*WHAT YOU WILL DO*. Leaving out the images, reproduce every line of the data that follows exactly.

*THE DATA*.
━━━
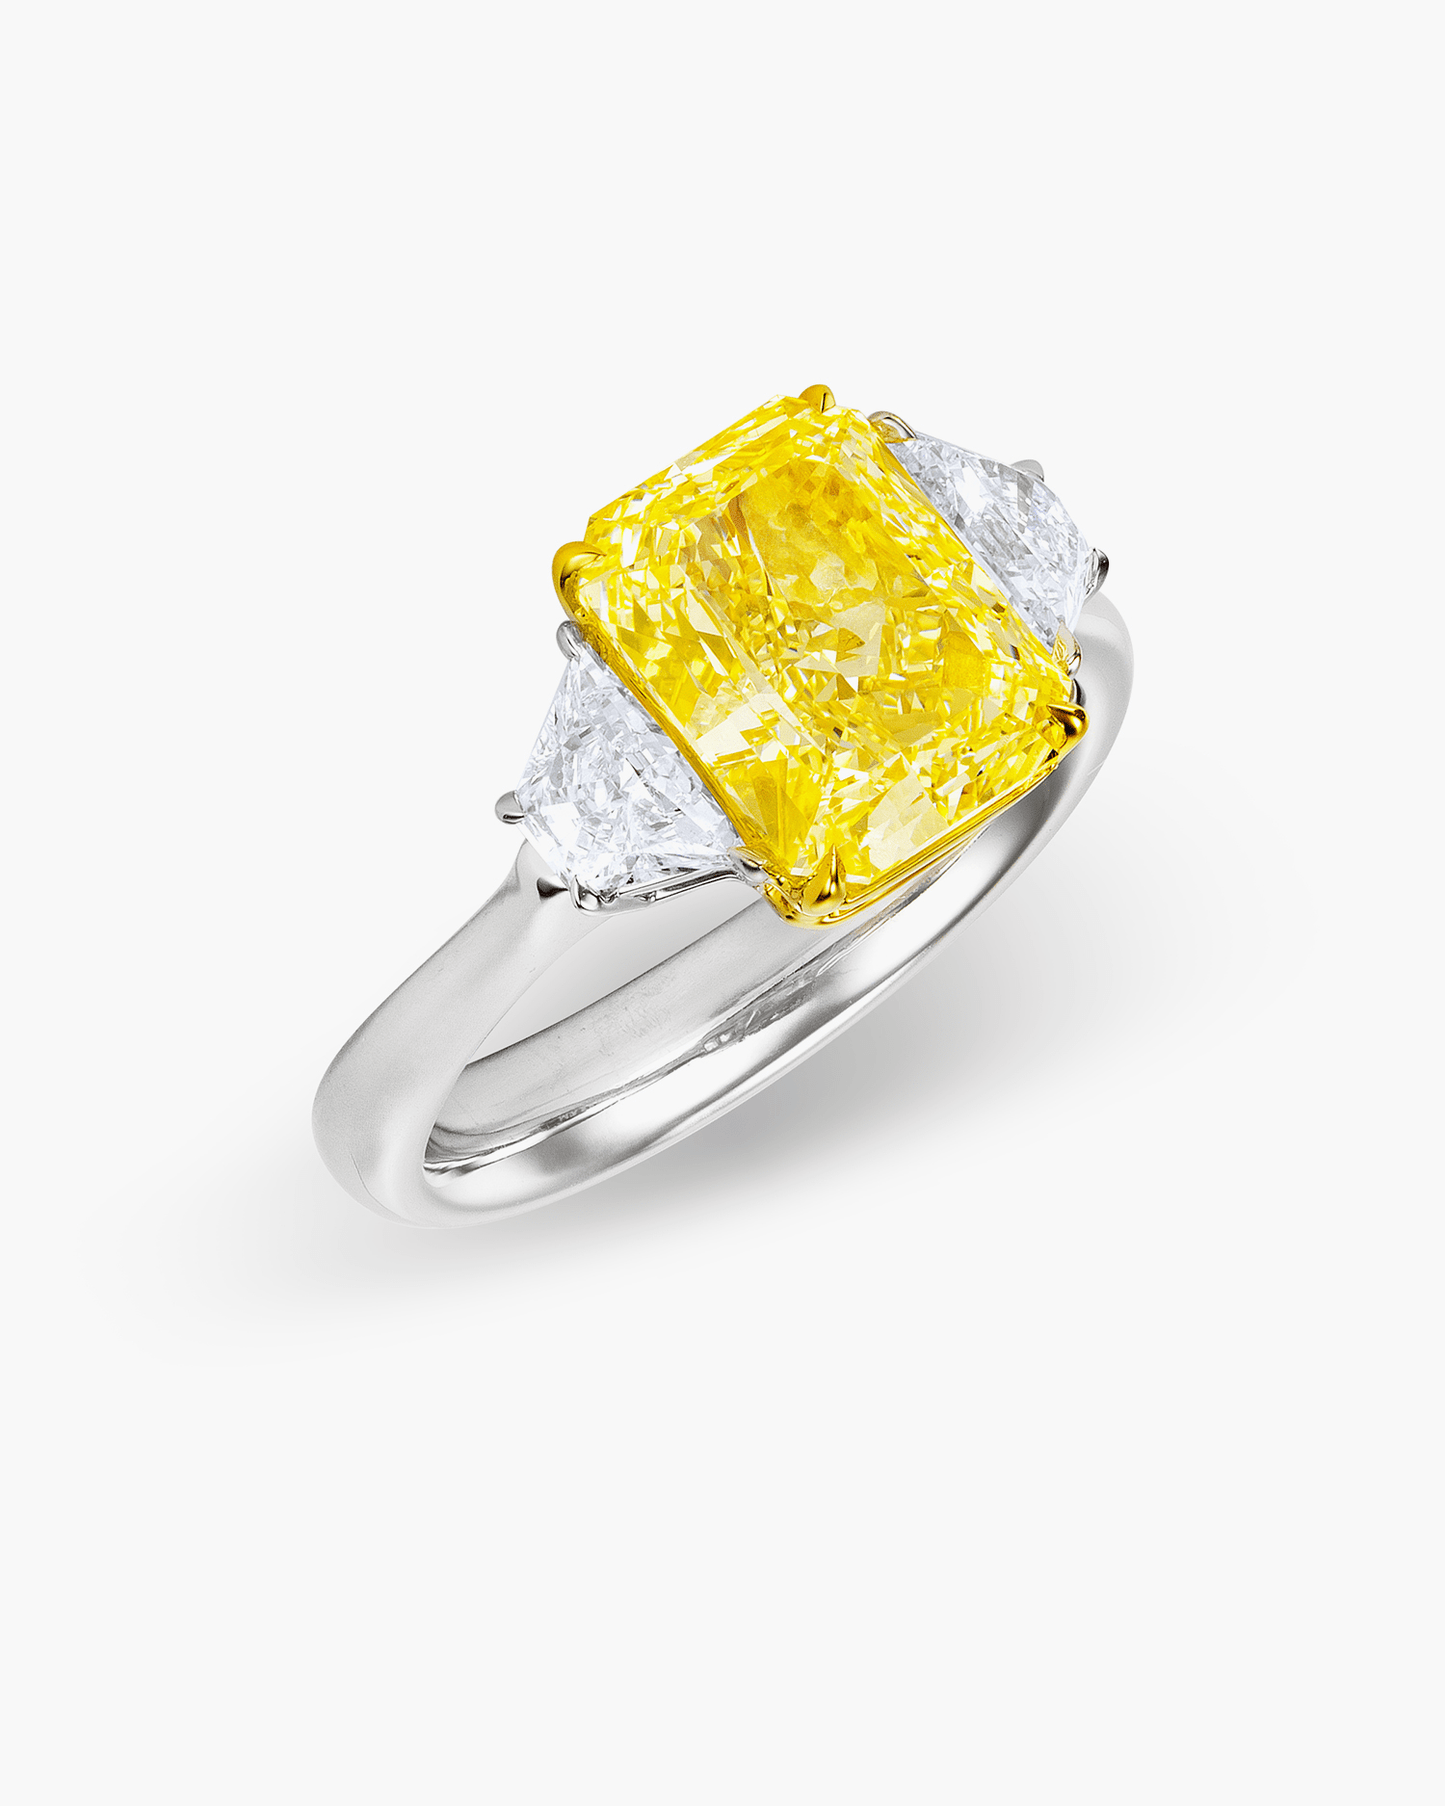 3.03 carat Radiant Cut Yellow and White Diamond Ring
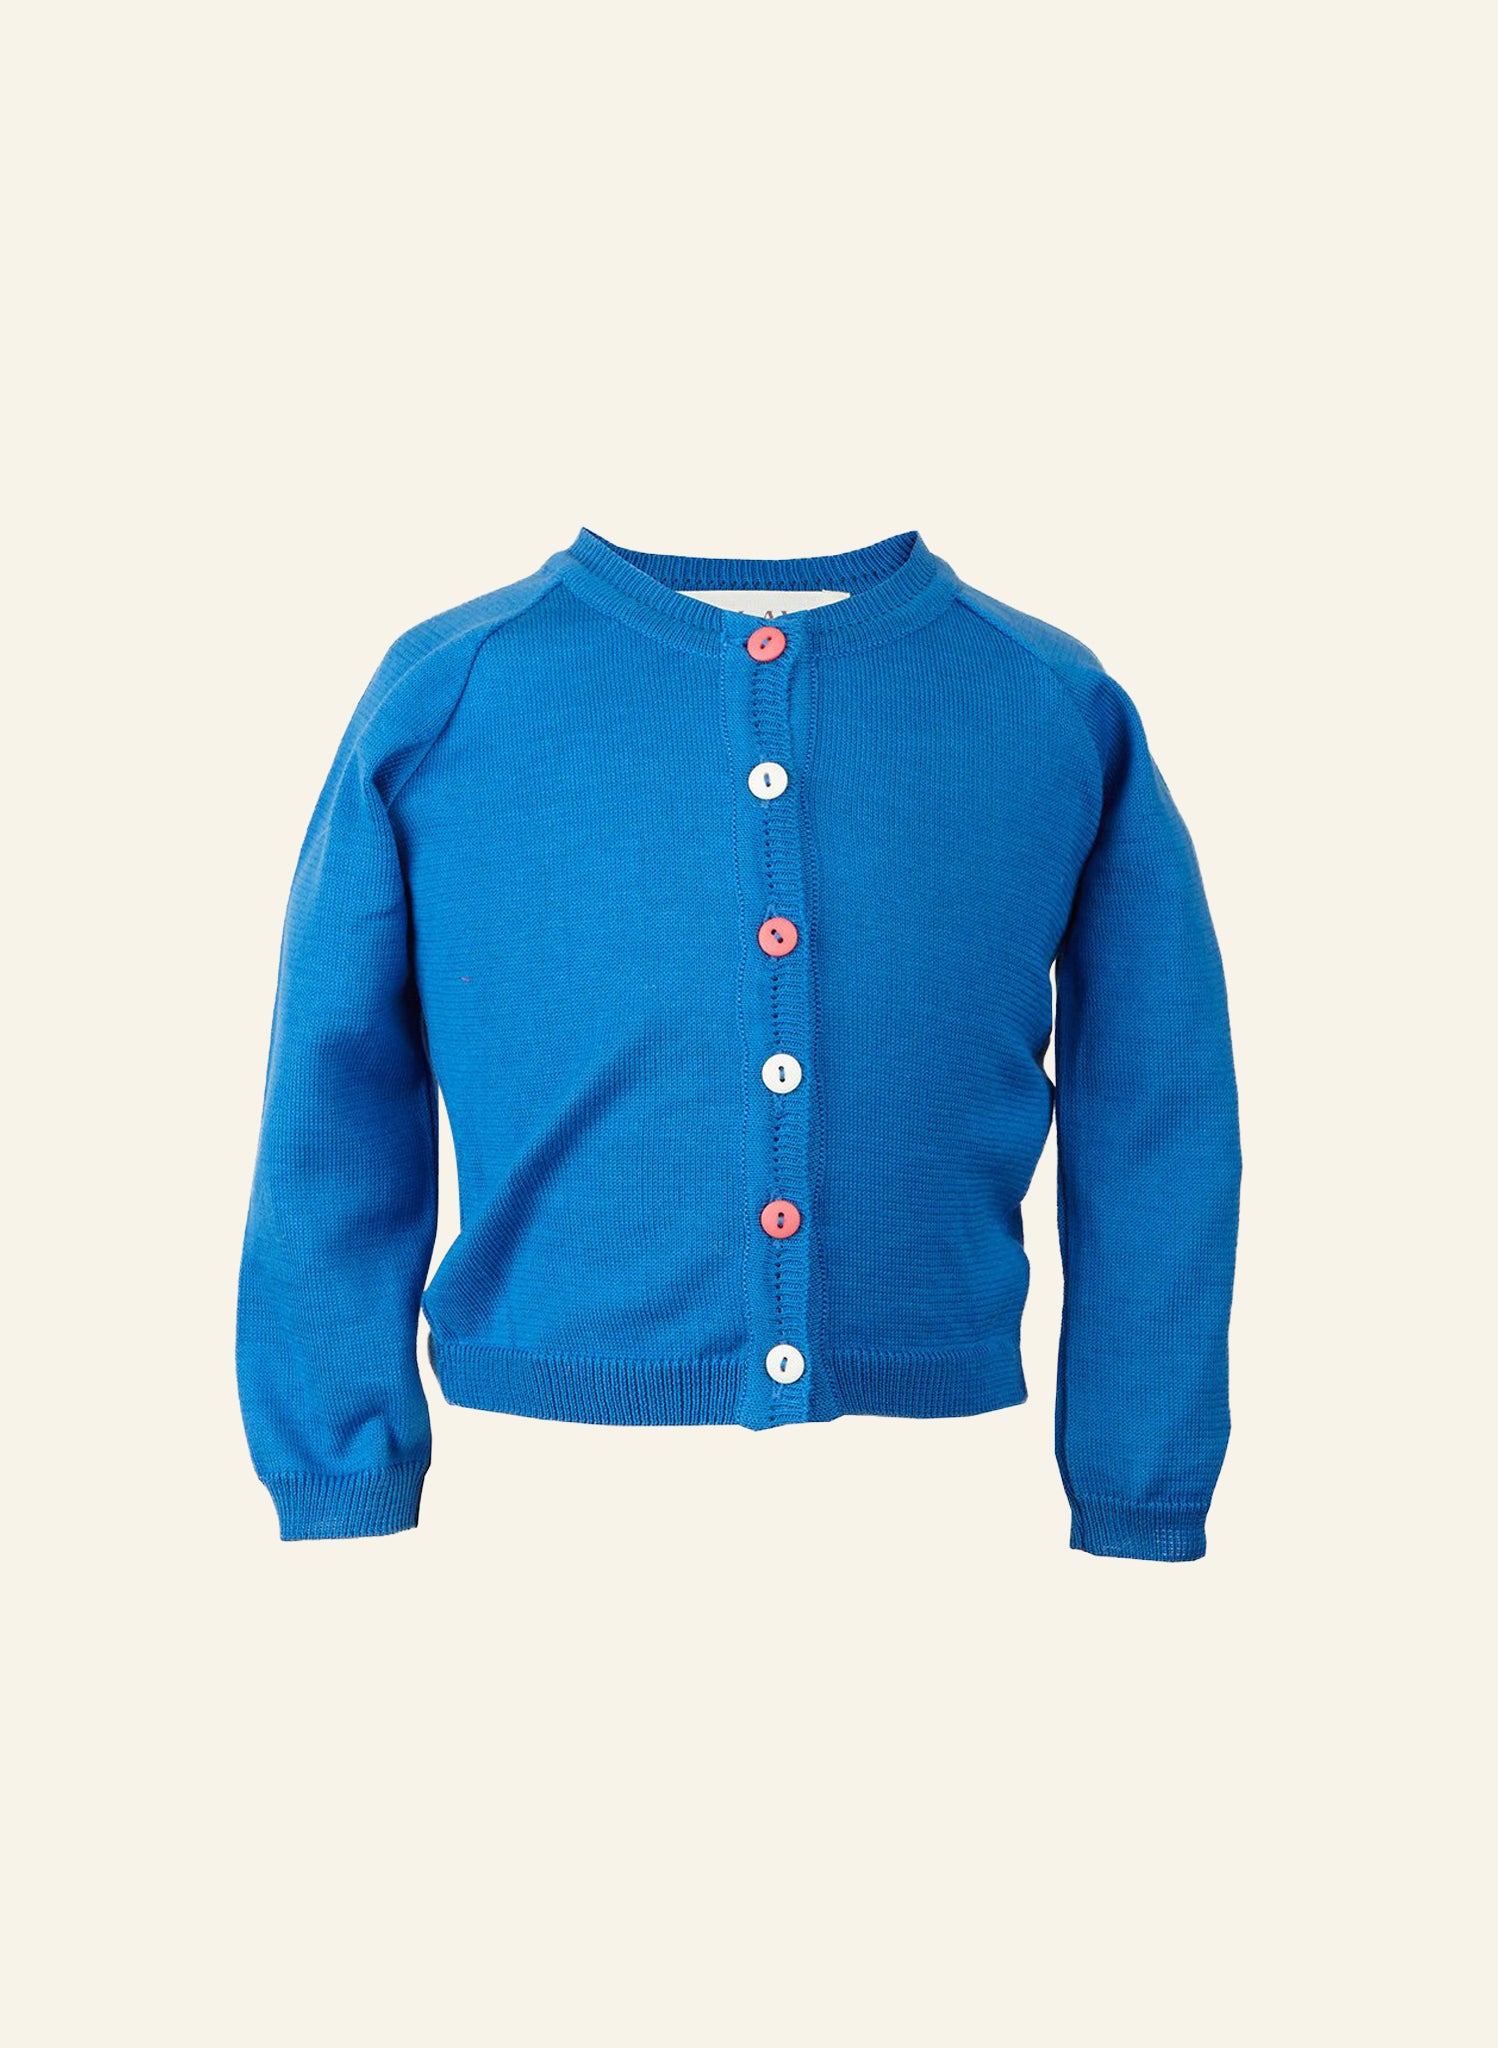 Children's Classic Cardigan - Royal Blue Cotton
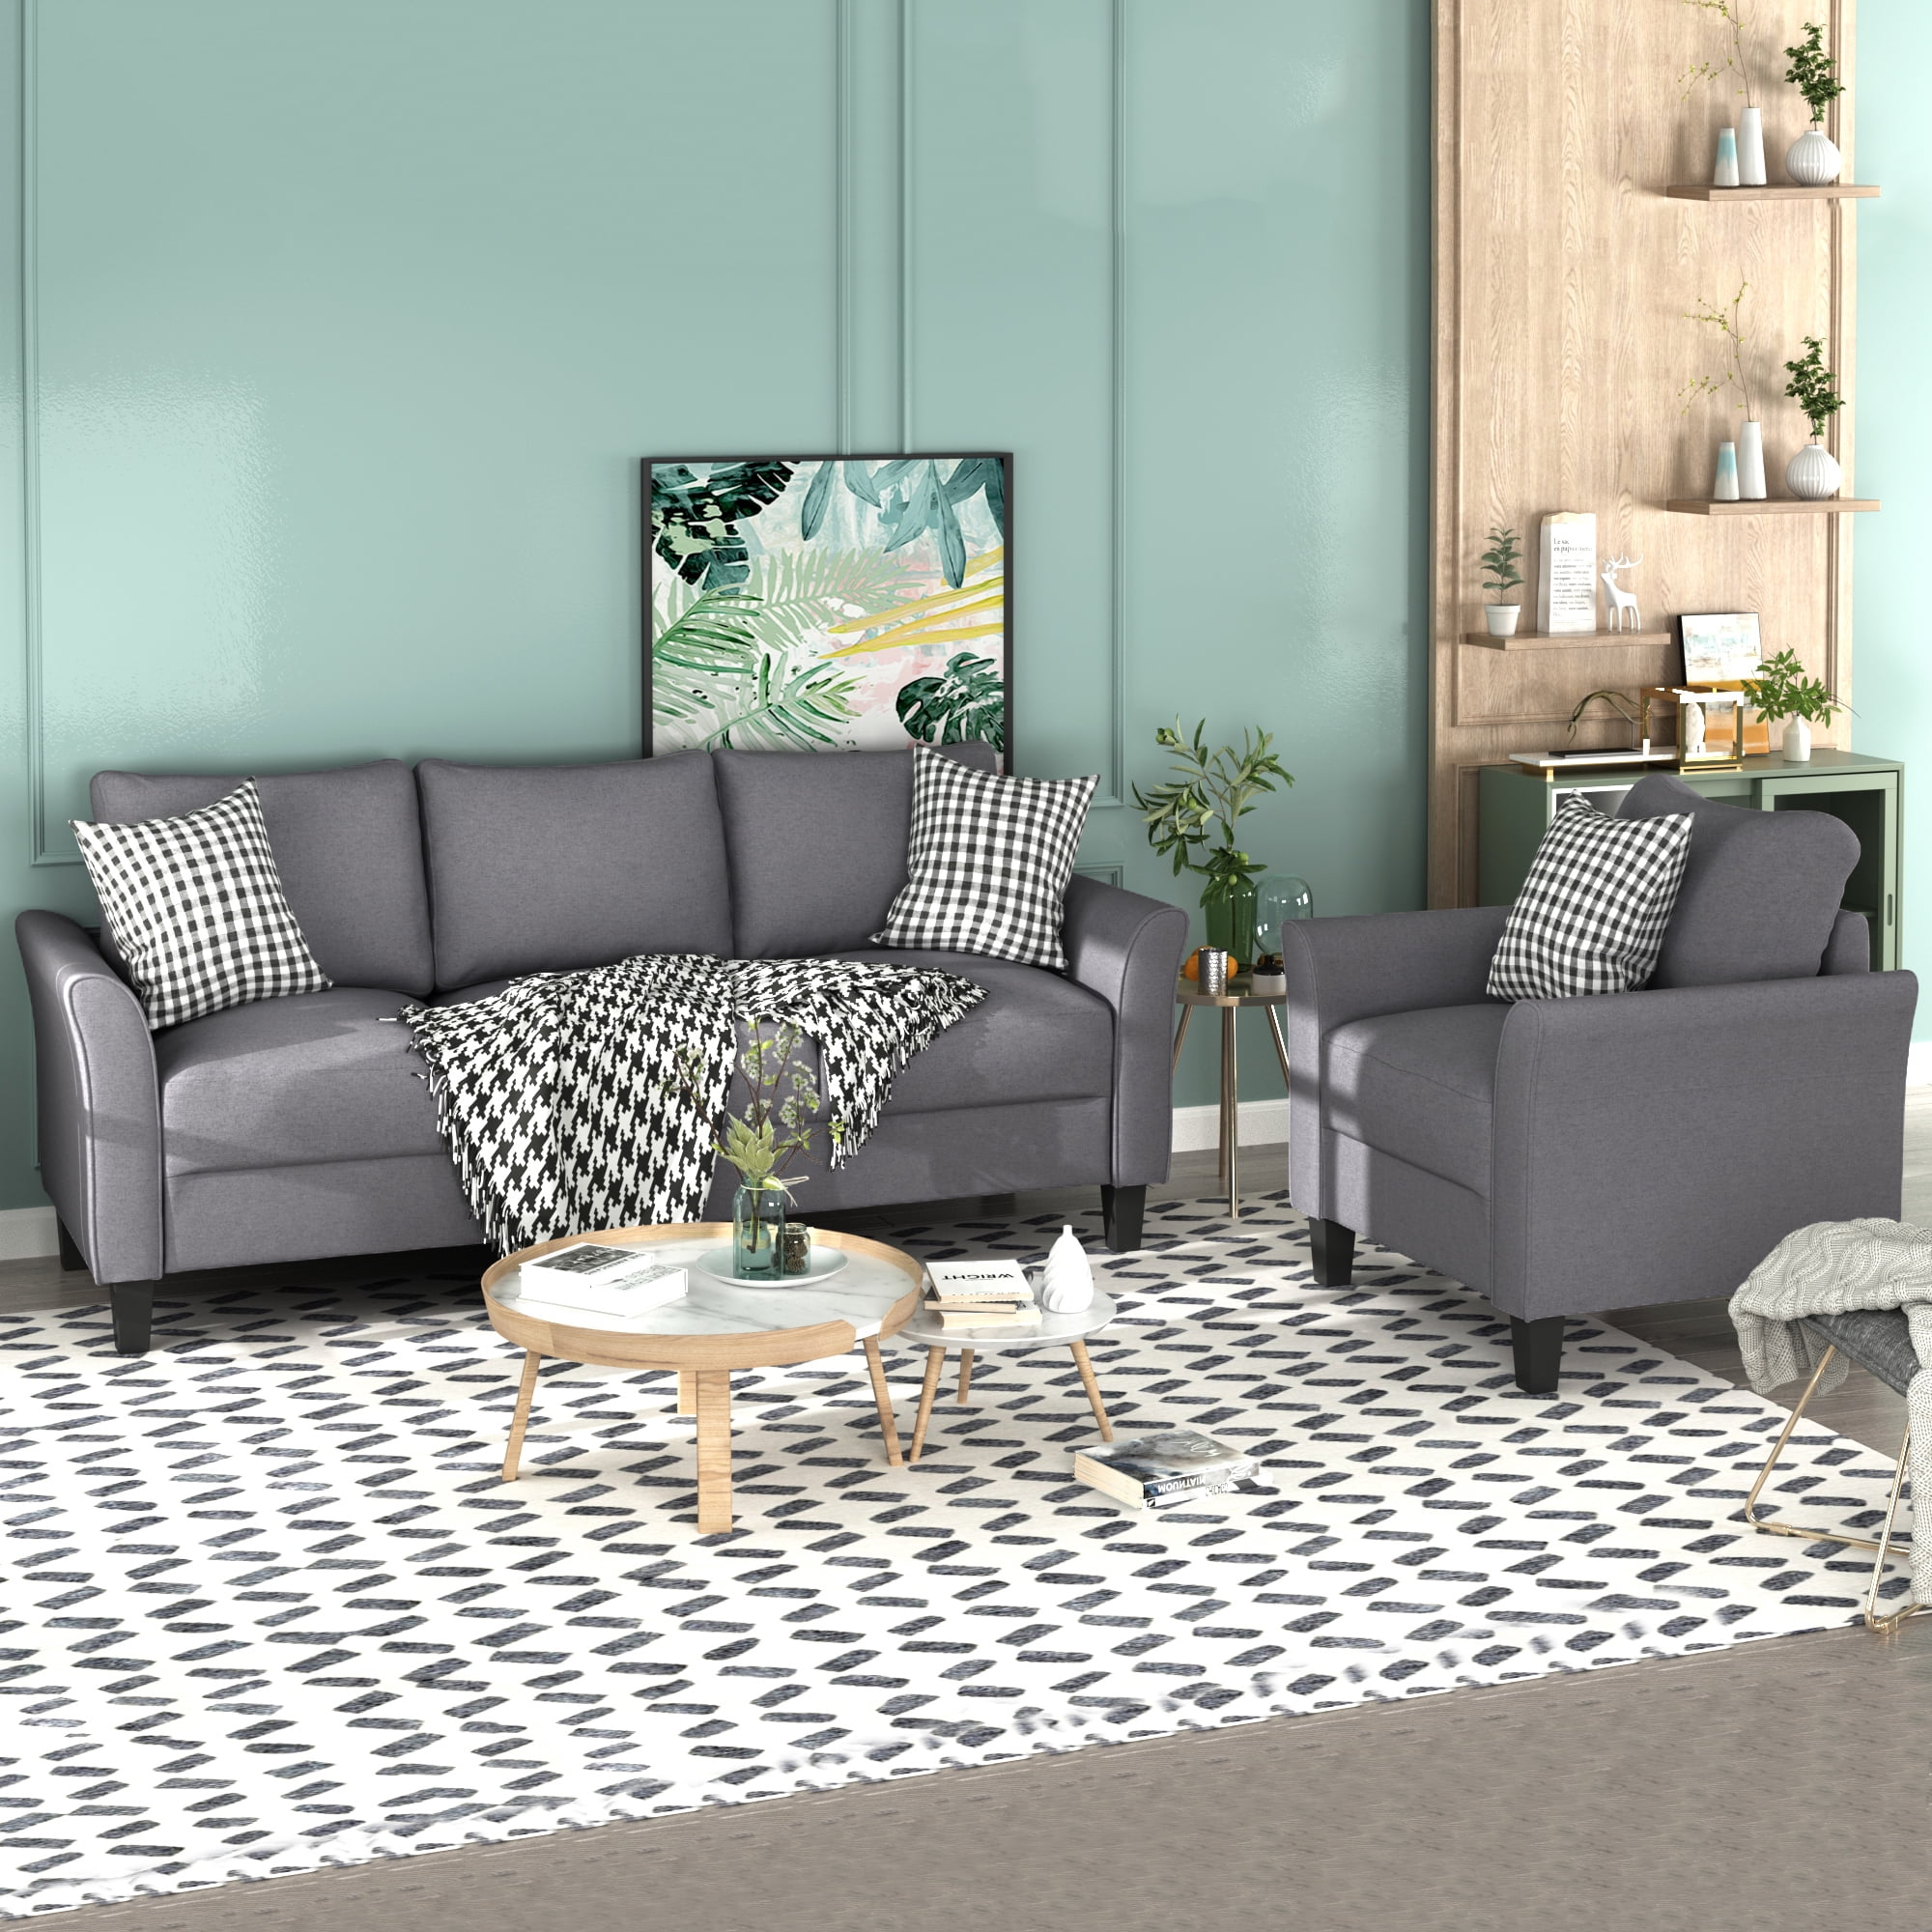 Minimalist Contemporary Living Room Furniture for Simple Design
━━━
*RESPONSE FOR THIS EXERCISE*.
 3.03 carat Radiant Cut Yellow and White Diamond Ring
 Children's Classic Cardigan - Royal Blue Cotton
 Minimalist Contemporary Living Room Furniture for Simple Design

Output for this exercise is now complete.